Lil nit picky shagsalot... im sure i itterated my points clearly enough for you to decipher my posts.


----------



## hydroMD (Jul 17, 2014)

Christianity not a religion? 

What category would it fall under in your opinion?


Silky Shagsalot said:


> hydro used the word, "religion," a few times. religion is a man-made product. Christianity is not a religion.


----------



## hydroMD (Jul 17, 2014)

Nevaeh420 said:


> A "solar laser" is a term that I coined, because I just made it up a few years ago.
> 
> A "solar laser" is just surrounding a star with mirrors, to focus the electromagnetic energy, to do work. I'm sure that even if you could harvest 80% of a stars energy output, it would be like controlling millions of nuclear bombs, to do work.
> 
> ...


----------



## skunkd0c (Jul 17, 2014)

Nevaeh420 said:


> Yeah, whatever.
> 
> Mylar is more reflective then flat white paint, if I'm not mistaken.
> 
> ...


yes i did consider mylar but think of the cost
you would need many rolls of mylar to reflect the energy of a star 
i need a fair bit just to reflect the light back from my grow lights

so i was thinking you could paint some nearby celestial bodies flat white
im sure it would work out cheaper than mylar


----------



## Nevaeh420 (Jul 17, 2014)

hydroMD said:


> View attachment 3206528


Yeah, the "SOLAR LASERS" are just one of My prophecies.

I have many prophecies.

~PEACE~


----------



## Nevaeh420 (Jul 17, 2014)

skunkd0c said:


> yes i did consider mylar but think of the cost
> you would need many rolls of mylar to reflect the energy of a star
> i need a fair bit just to reflect the light back from my grow lights
> 
> ...


I could care less what you use to reflect the light, its about using natures nuclear power to do massive work.

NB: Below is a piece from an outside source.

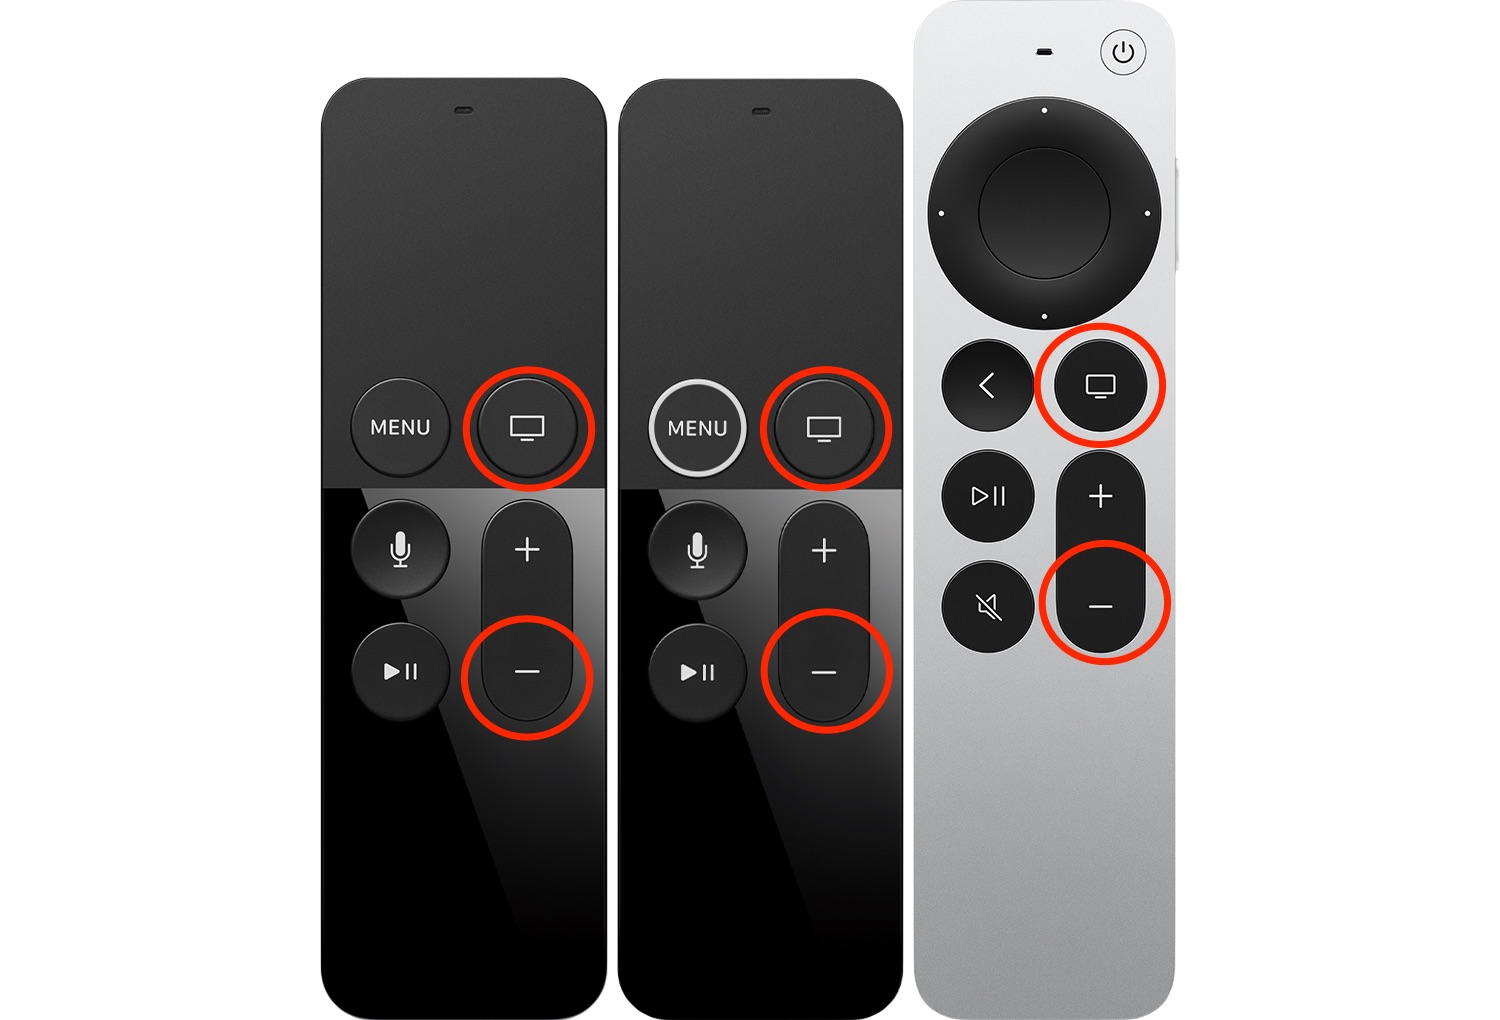 Hen imod undergrundsbane Nervesammenbrud How To Fix Things When Your Siri Remote Becomes Unresponsive

Its not like its going to happen any time soon. This prophecy is for the distant future.

~PEACE~


----------



## Sativied (Jul 17, 2014)

Nevaeh420 said:


> I could care less what you use to reflect the light, its about using natures nuclear power to do massive work.
> 
> Its not like its going to happen any time soon. This prophecy is for the distant future.
> 
> ~PEACE~


How much?


----------



## skunkd0c (Jul 17, 2014)

Nevaeh420 said:


> I could care less what you use to reflect the light, its about using natures nuclear power to do massive work.
> 
> Its not like its going to happen any time soon. This prophecy is for the distant future.
> 
> ~PEACE~


you could of told me you cunt, i just ordered 1000 tins of flat white paint from my pal dave he works for the council 
gonna have to phone him now and see if he will keep it for me for about 10,000 years


----------



## Silky Shagsalot (Jul 18, 2014)

christianity is a belief, not a religion. 
i guess that's very debatable, lol... maybe they're all off-shoots of each other. when they were making my dog-tags i said my religion was christian, and they said that wasn't a religion. well uncle sam oughta know, right?


----------



## hydroMD (Jul 18, 2014)

Maybe because there are many branches of christianity? Im stumped on that one...

Thanks for your service brotha


----------



## ayr0n (Jul 18, 2014)

Sativied said:


> How much?


----------



## ThE sAtIvA hIgH (Jul 18, 2014)

its funny though isnt it, we(nassa) are observing as we speak new stars (suns) being created out in space and i dont see any god getting involved .
how can people claim a god made our star/sun yet we are observing stars being created and stars dying out all over the universe without any god helping ?


----------



## Northern Lights Grower (Jul 18, 2014)

They already have the technology to fly pretty damn far away, but relativity would apply and the people on board would never see earth in that decade or century again.

There are just no known habitable planets.


----------



## ayr0n (Jul 18, 2014)

Nevaeh420 said:


> A "solar laser" is a term that I coined, because I just made it up a few years ago.
> 
> A "solar laser" is just surrounding a star with mirrors, to focus the electromagnetic energy, to do work. I'm sure that even if you could harvest 80% of a stars energy output, it would be like controlling millions of nuclear bombs, to do work.
> 
> ...


Rather than focusing on scientific inventions - since they require...you know...science - you could always just start a religion. Could be the next L. Ron Hubbard or even a Jesus of sorts...


----------



## JSJ (Jul 18, 2014)

ThE sAtIvA hIgH said:


> its funny though isnt it, we(nassa) are observing as we speak new stars (suns) being created out in space and i dont see any god getting involved .
> how can people claim a god made our star/sun yet we are observing stars being created and stars dying out all over the universe without any god helping ?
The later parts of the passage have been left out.